• _Exercise instructions_
Retype, word for word, every line of the records below starting at the one that contains "Wallpaper HD Tiger" and ending at the one that contains "Beautiful Elegant A-Line"; include both of those lines and nothing more.

══ Input records

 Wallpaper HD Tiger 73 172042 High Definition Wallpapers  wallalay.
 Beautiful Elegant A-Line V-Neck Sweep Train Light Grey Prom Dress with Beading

════
══ Input records

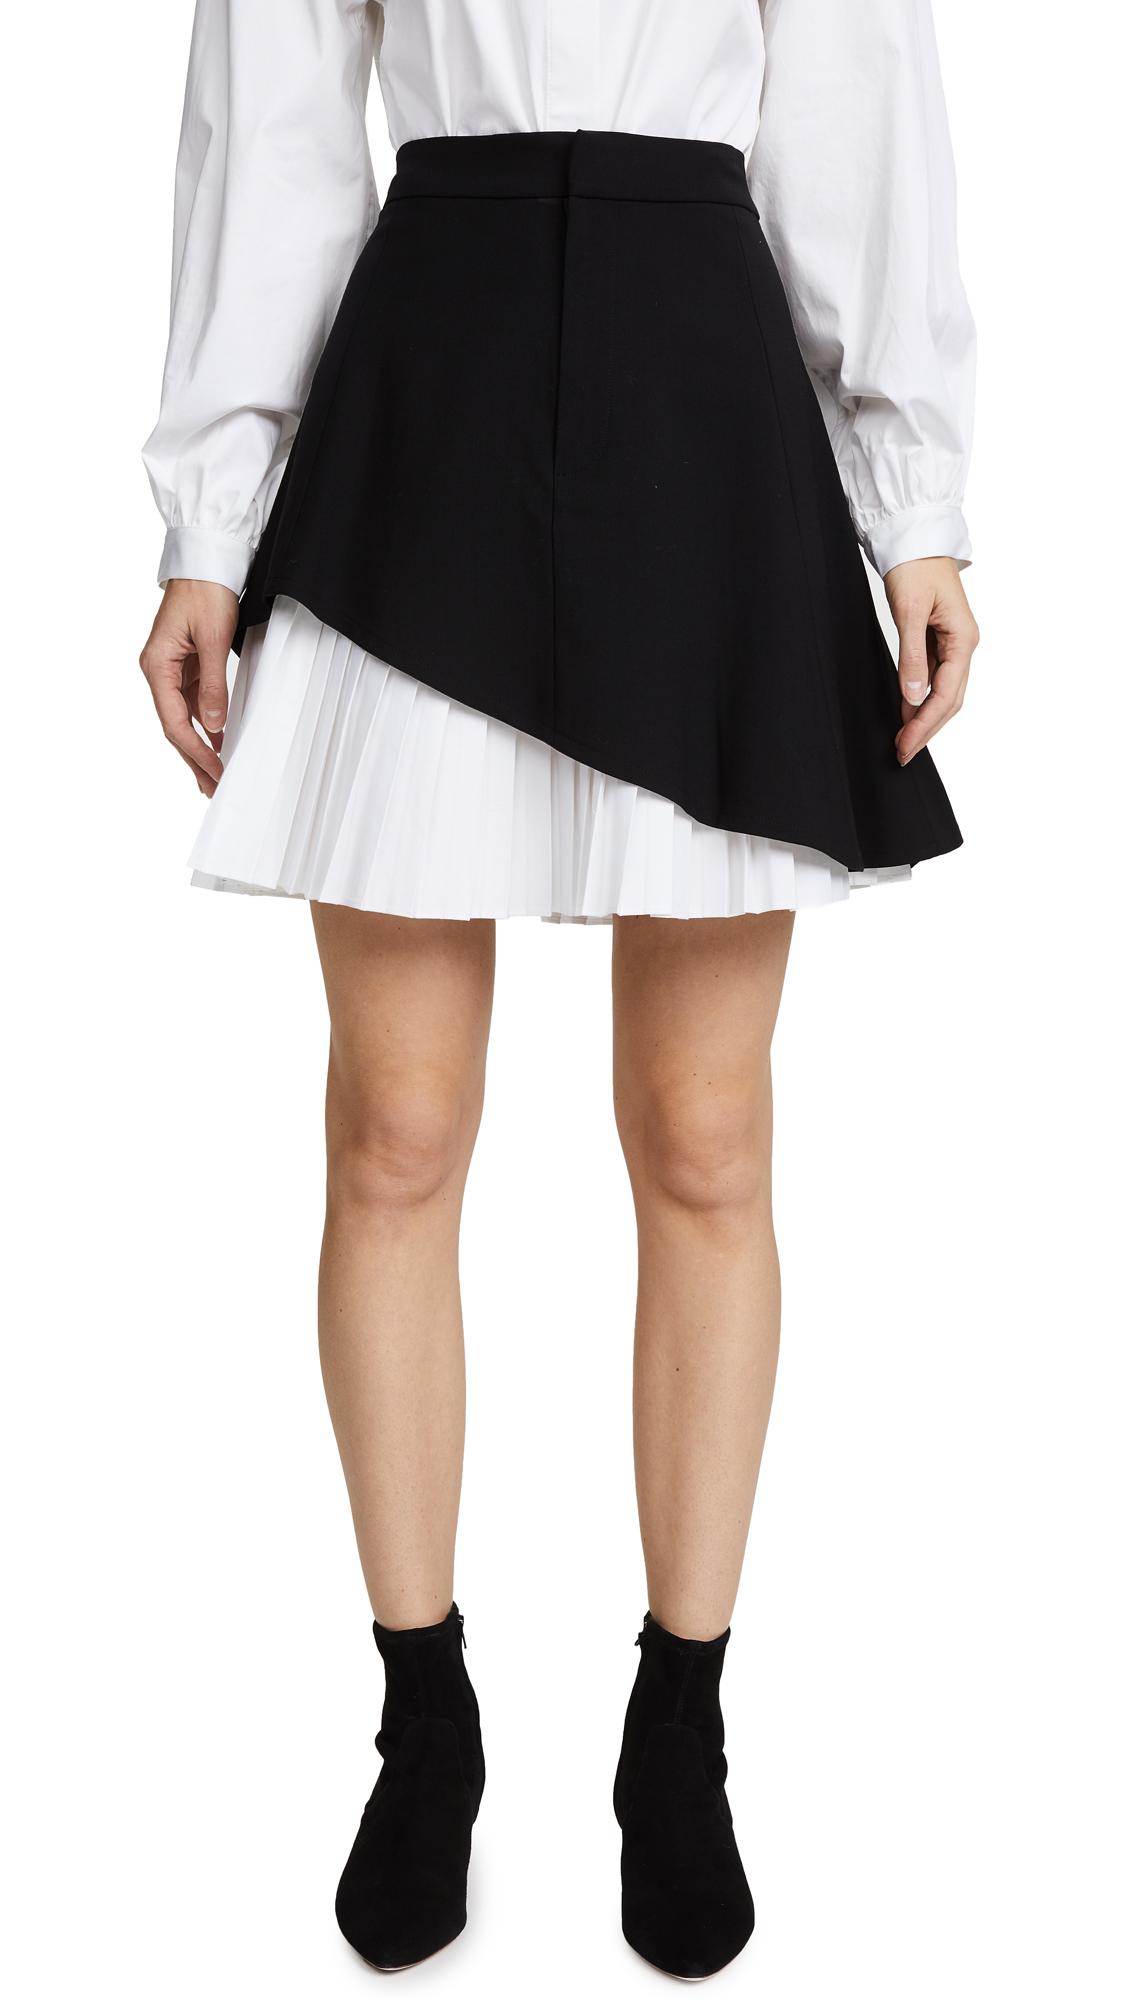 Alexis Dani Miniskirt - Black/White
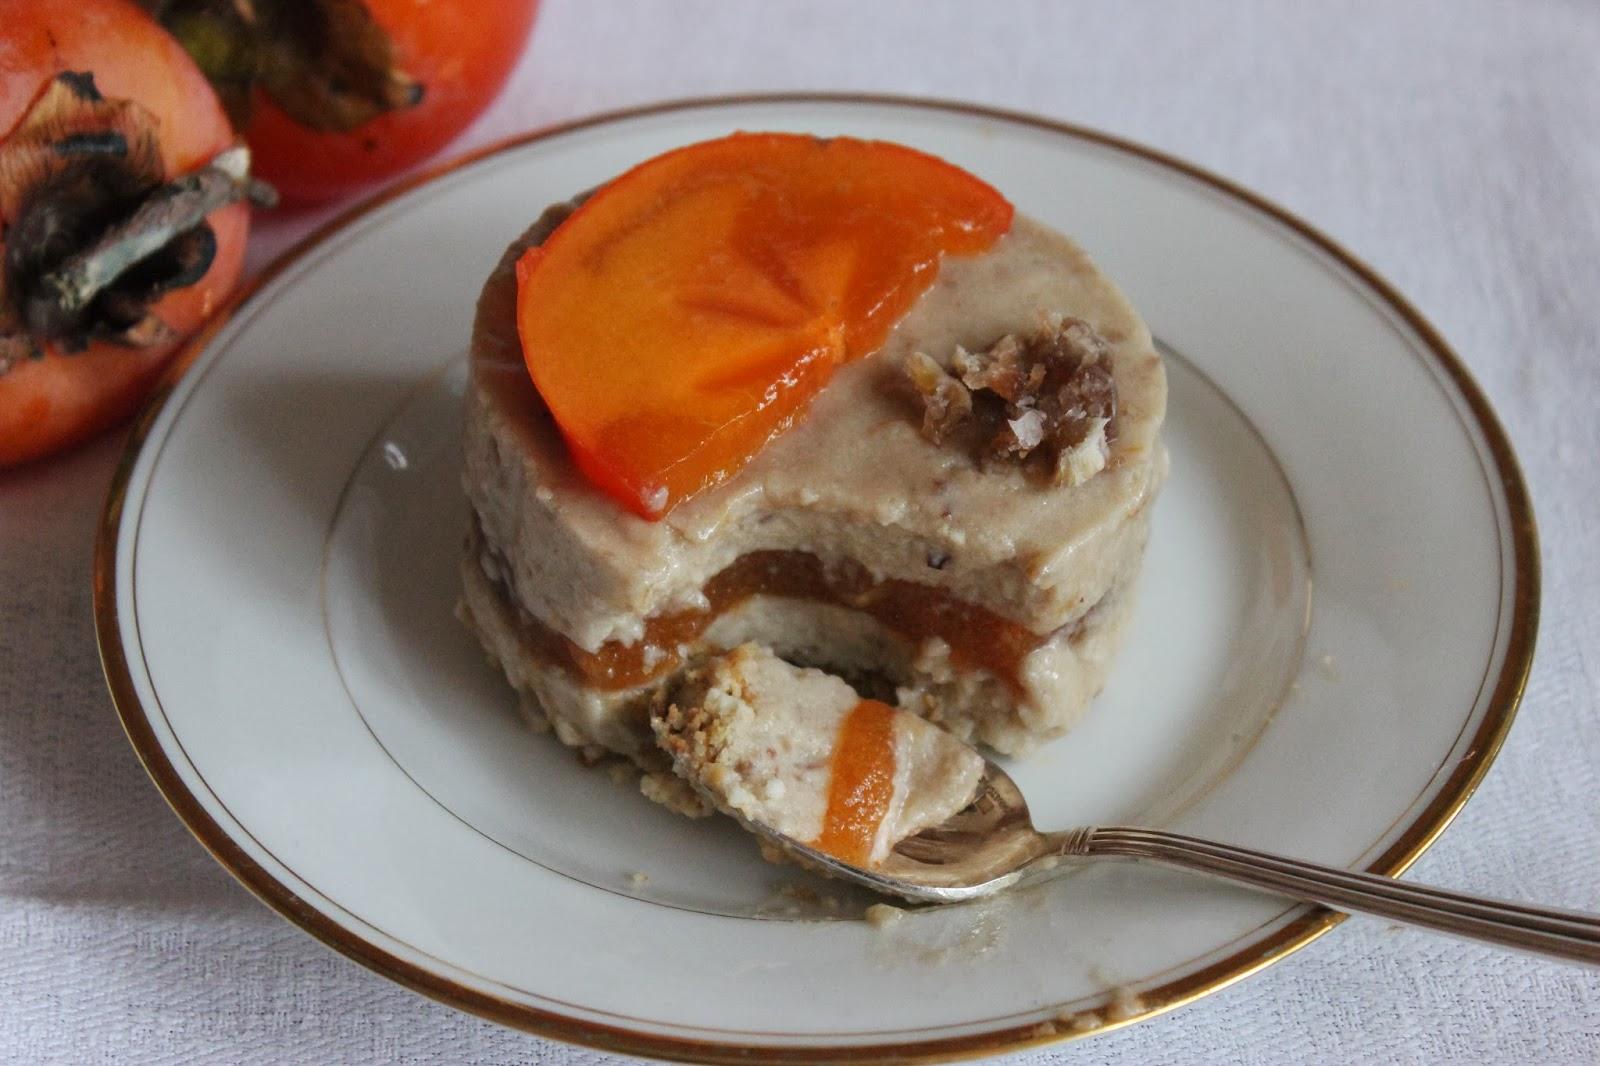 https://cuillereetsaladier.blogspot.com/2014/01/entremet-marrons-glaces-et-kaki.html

════

• _Result_
 Wallpaper HD Tiger 73 172042 High Definition Wallpapers  wallalay.
 Beautiful Elegant A-Line V-Neck Sweep Train Light Grey Prom Dress with Beading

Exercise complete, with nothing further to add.